THE LATEST MISSTEP IN THE REALM of the American gay film, Defying Gravity, comes to us complete with a publicity quote from Darryl Macdonald, Director of the Seattle International Film Festival, who calls this former entry, "The best gay film I've seen in 10 years." I'm not sure why Macdonald would say such an outrageous thing, because Defying Gravity, while every bit as heartfelt as a debut feature should be, is by no stretch of anyone's imagination even a halfway decent film.

With sluggish predictability, two fraternity brothers experience something warm and tingly until one panics, betrays the other, and Learns a Lesson. The film pads itself out with an extended gay-bashing "mystery" and a clumsy, incomplete attempt to deal with racial and gender issues. Of course, this story probably felt creaky the first time it was told, as the situation is so achingly familiar to most gay men that it begs for a fresh perspective not provided here. Everybody talks in the tone of a Public Service Announcement, so the whole thing comes off as an awkward, heavy-handed pose, right down to the frequent use of "dude" and "bro" to remind us that we're dealing with frat guys. This college Greek system milieu is more masturbatory than revelatory: The film enjoys its good-looking young men, but gives them nothing remotely interesting to say or--dammit!--to do.

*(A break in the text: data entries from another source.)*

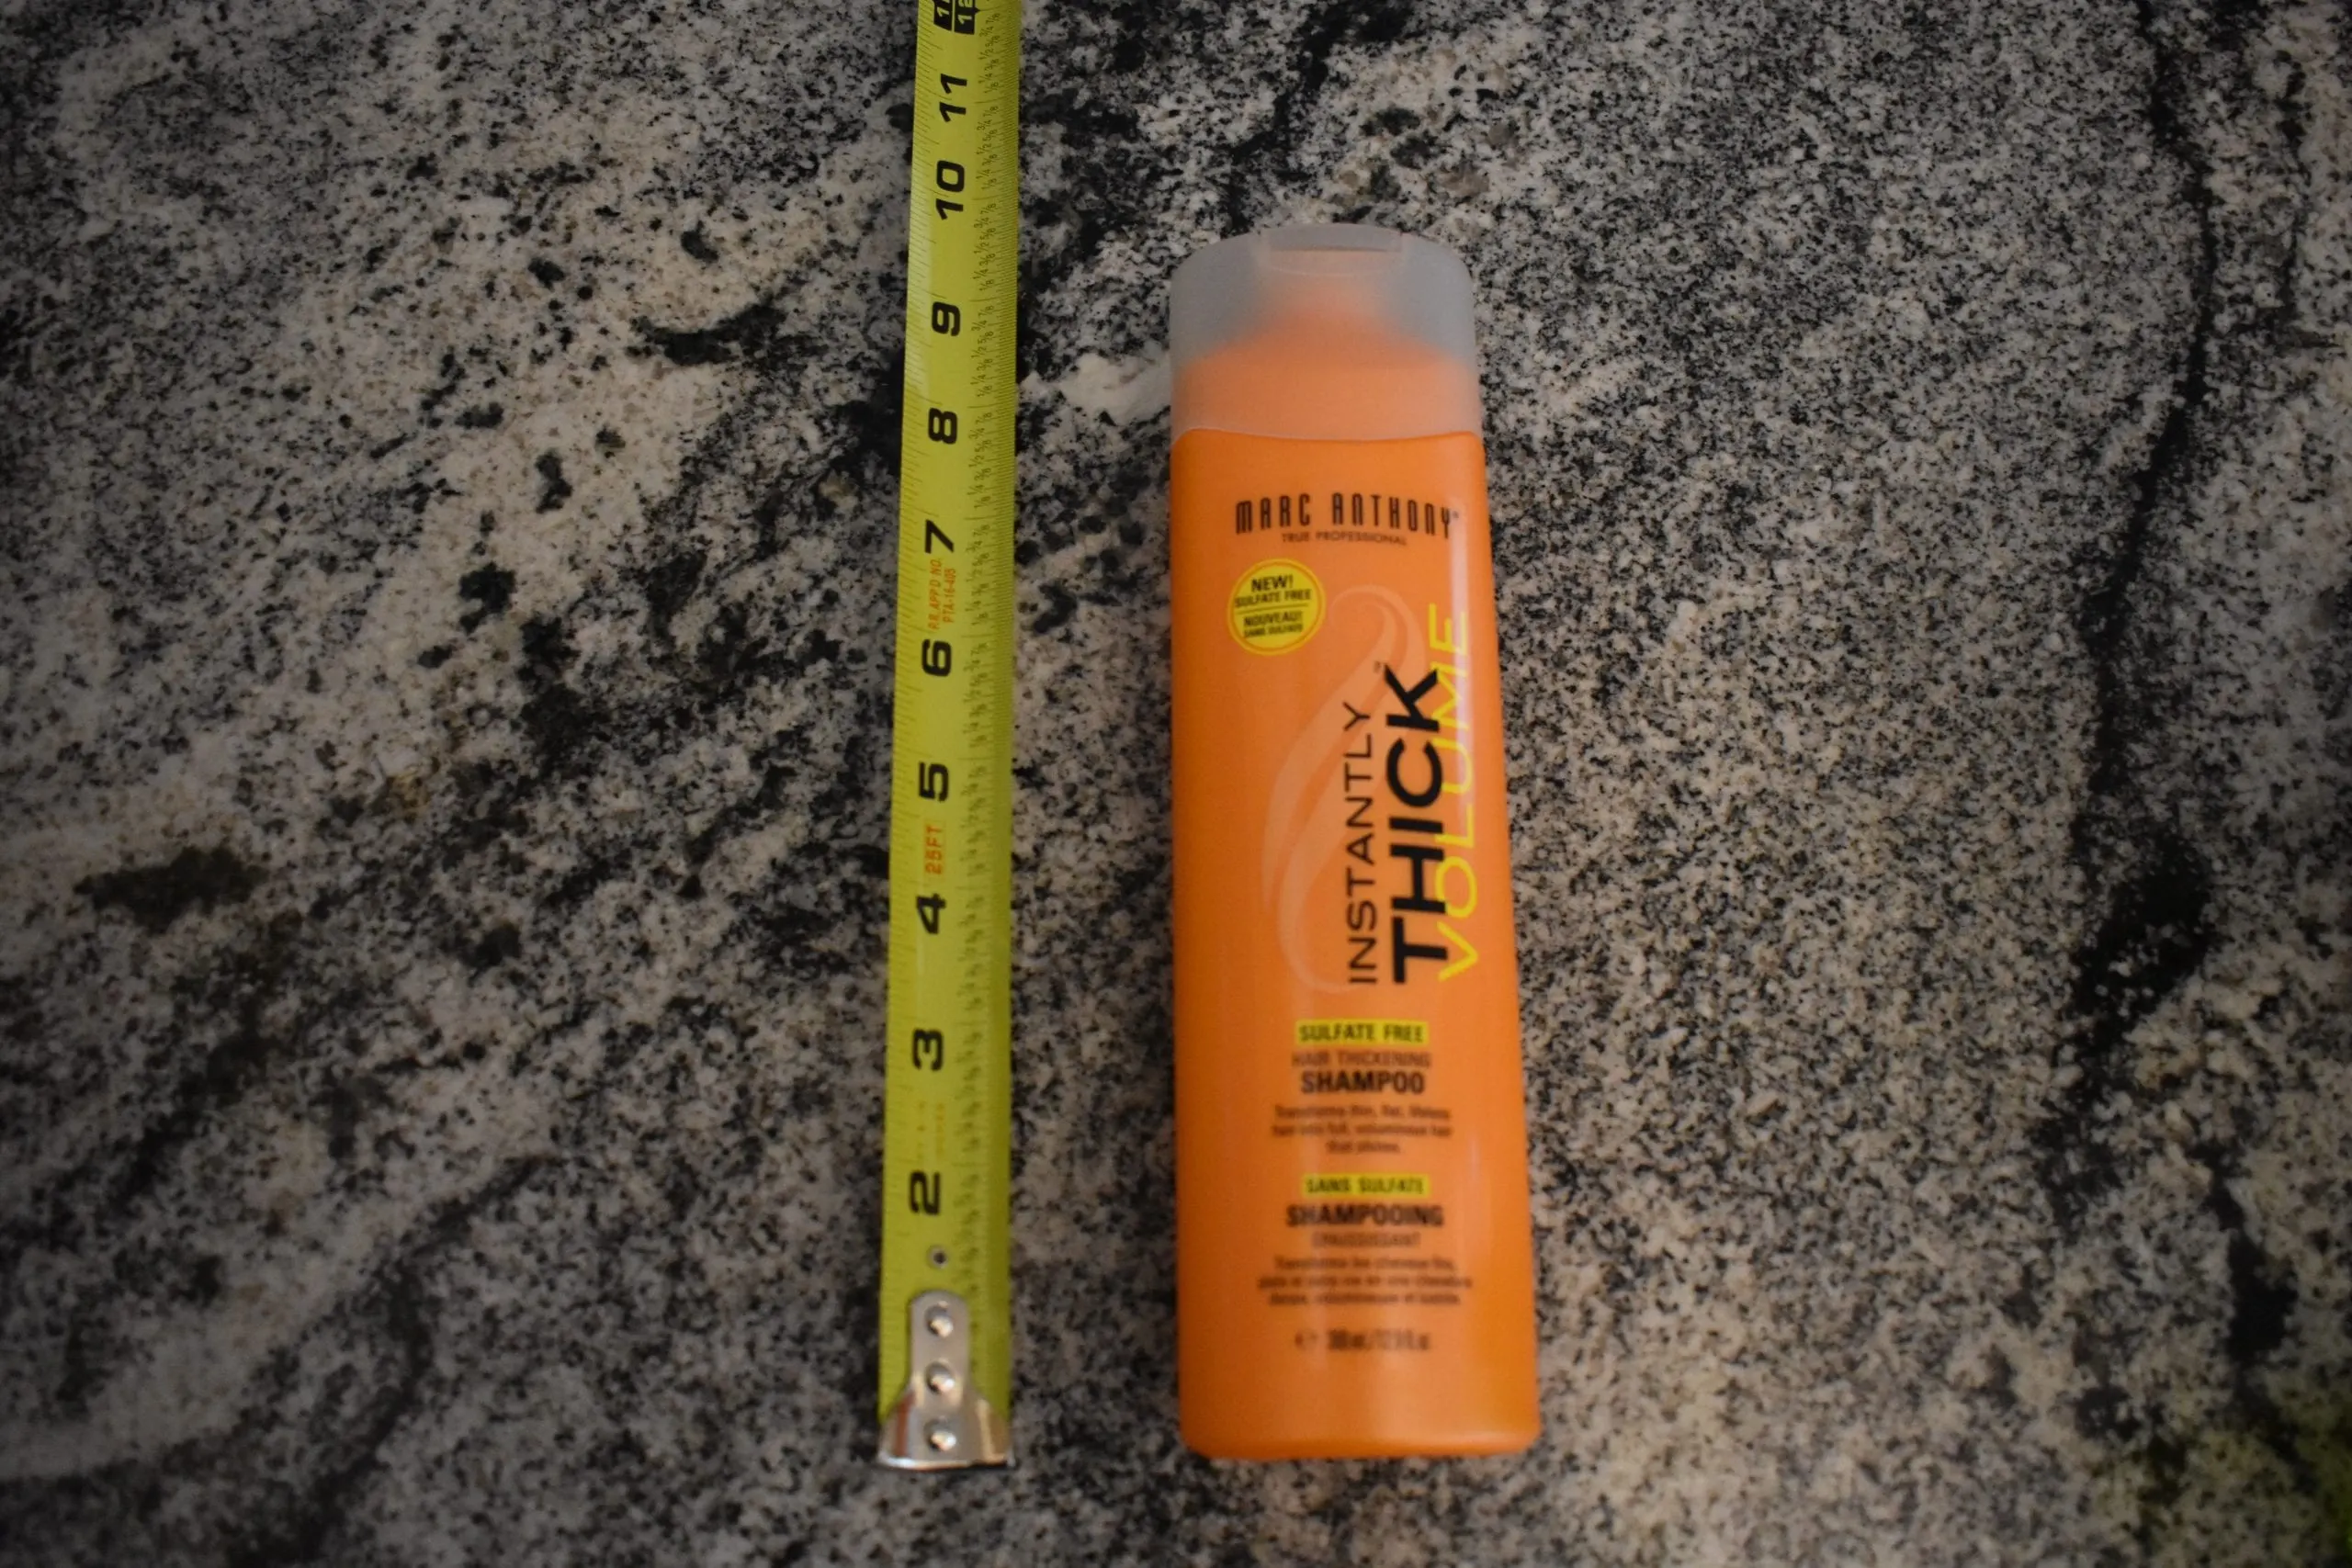 marc anthony thick hair shampoo next to a measuring tape on a granite counter
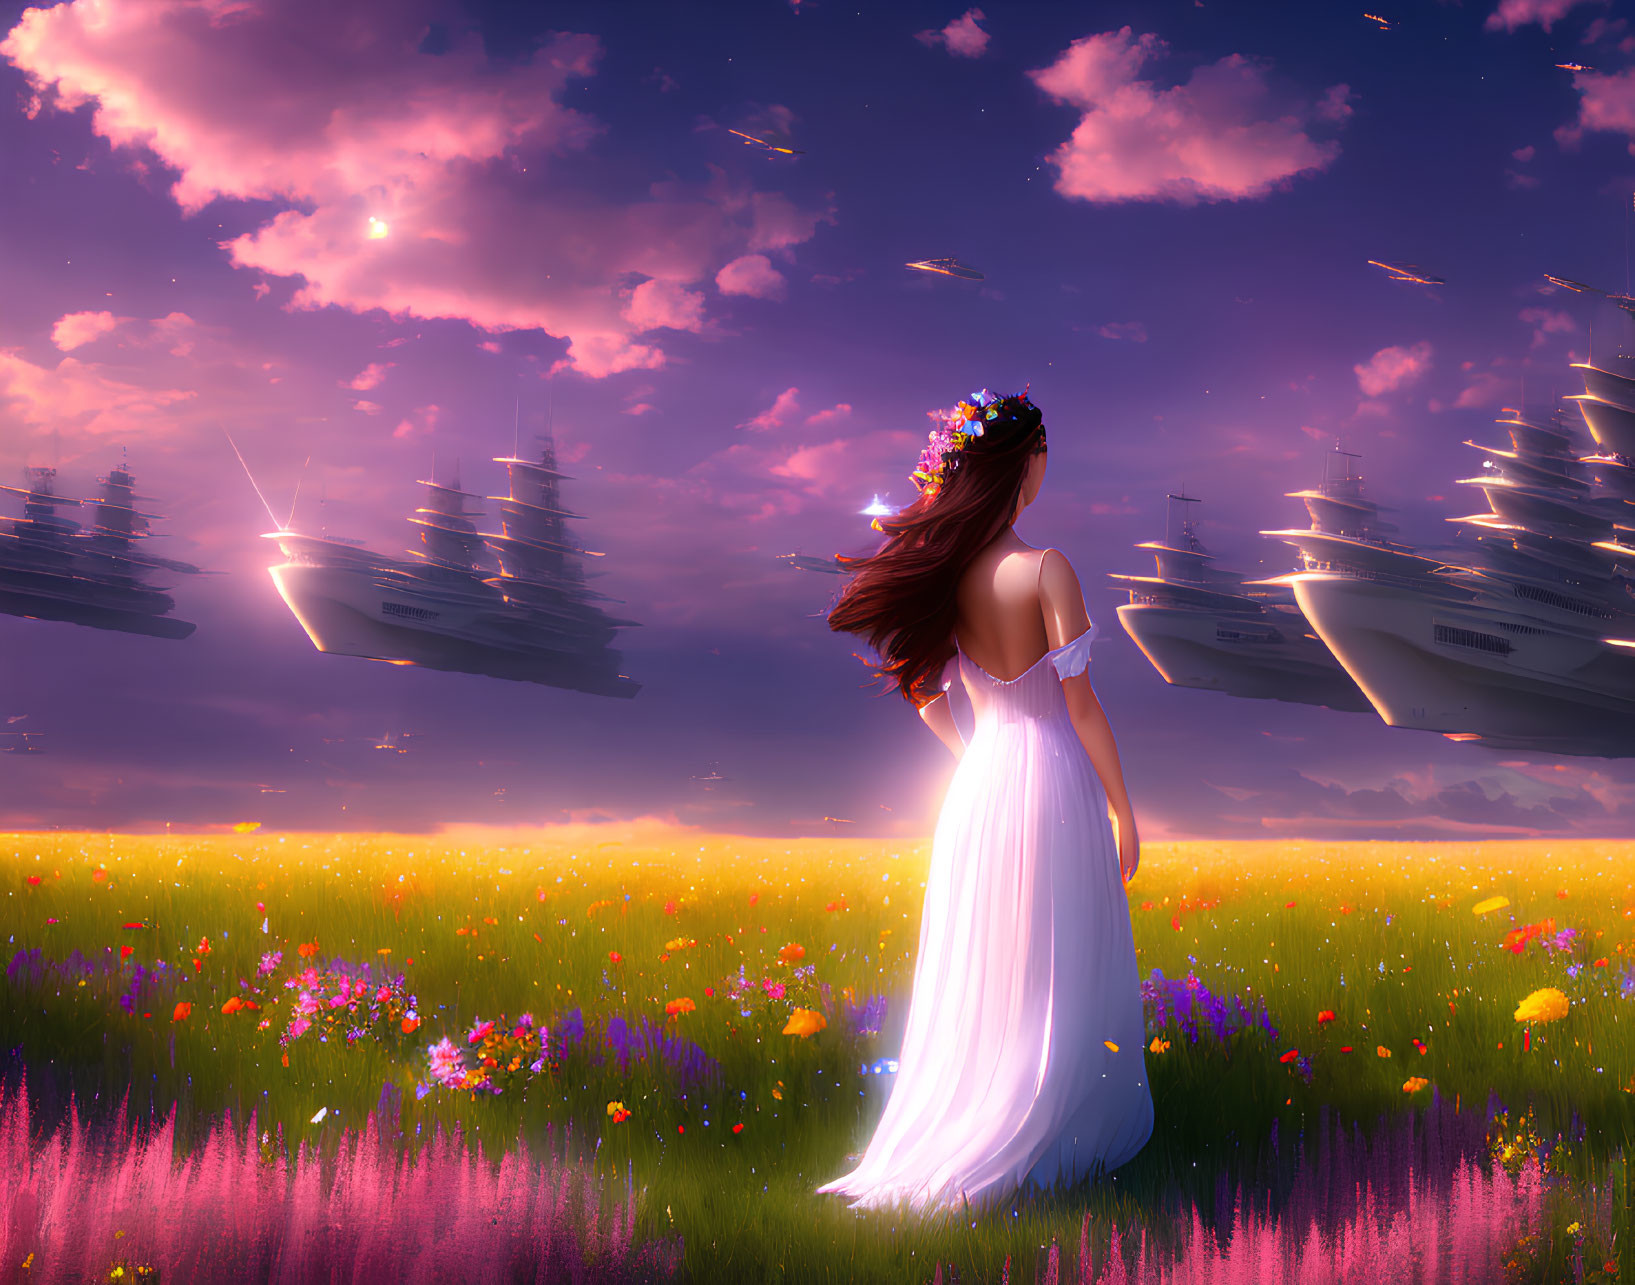 Woman in white dress and flower crown in vibrant field at sunset with shooting stars and floating islands.
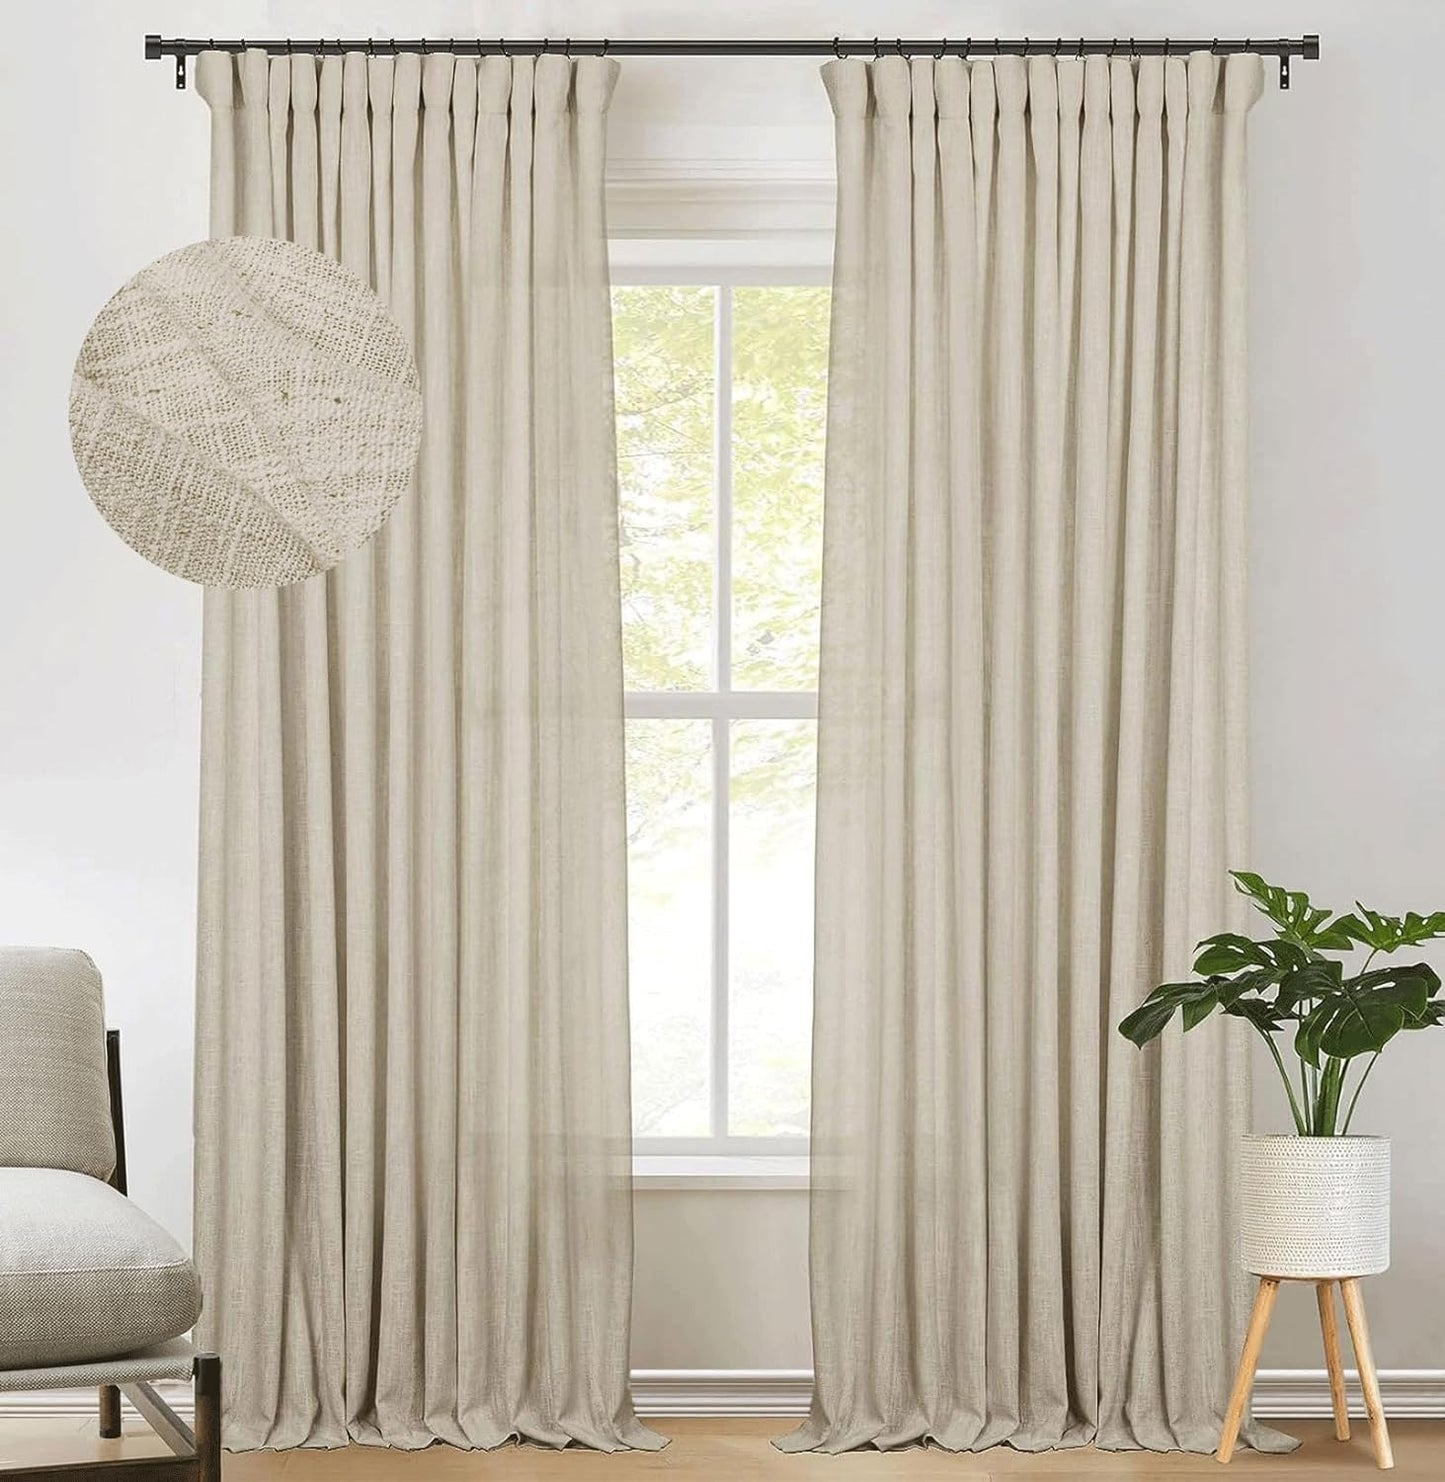 Zeerobee Beige White Linen Curtains for Living Room/Bedroom Linen Curtains 96 Inches Long 2 Panels Linen Drapes Farmhouse Pinch Pleated Curtains Light Filtering Privacy Curtains, W50 X L96  zeerobee 06 Dark Flax 50"W X 90"L

By the end, everything wraps up so tidily it's hard to tell whether writer/director John Keitel has rose-colored memories or the unfortunate aesthetics of a starry-eyed romantic. Optimism is certainly welcome and possible in the usually doomed world of cinematic gay love (the British Beautiful Thing lived up to its title with gentle good cheer), but Keitel has framed his film with an antiseptic pretense of reality that makes the happy ending that much more false. The line between hope and naiveté is a fine one, a tightrope too thin to navigate with the sledgehammer Defying Gravity is very earnestly wielding.